• The data

------------------------

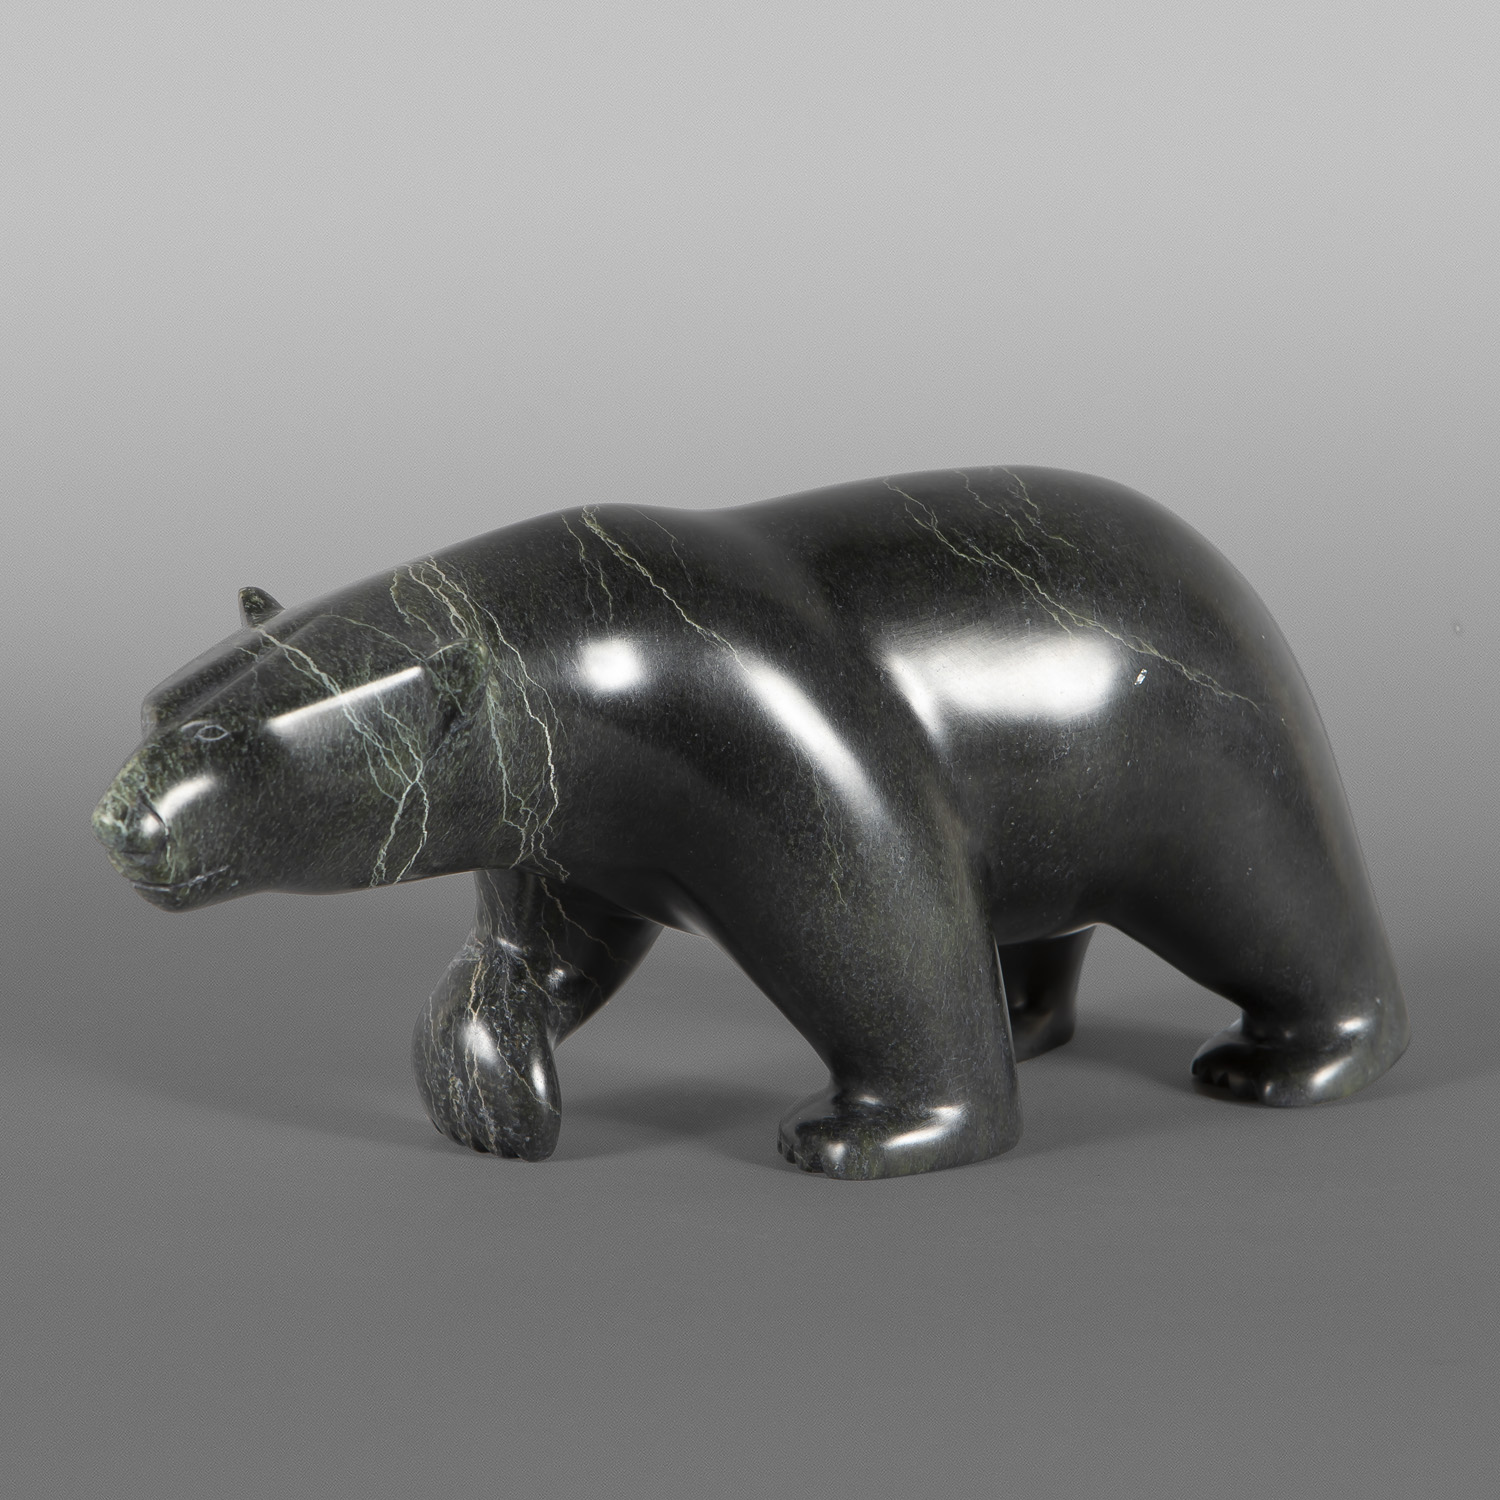 Walking Bear
Etidloie Adla
Inuit
Serpentine
11 ½” x 4” x 5”
$1400

------------------------

• What this task involves
From the first line to the last, repeat the records exactly. Leave out the pictures.

• Expected answer
 Walking Bear
Etidloie Adla
Inuit
Serpentine
11 ½” x 4” x 5”
$1400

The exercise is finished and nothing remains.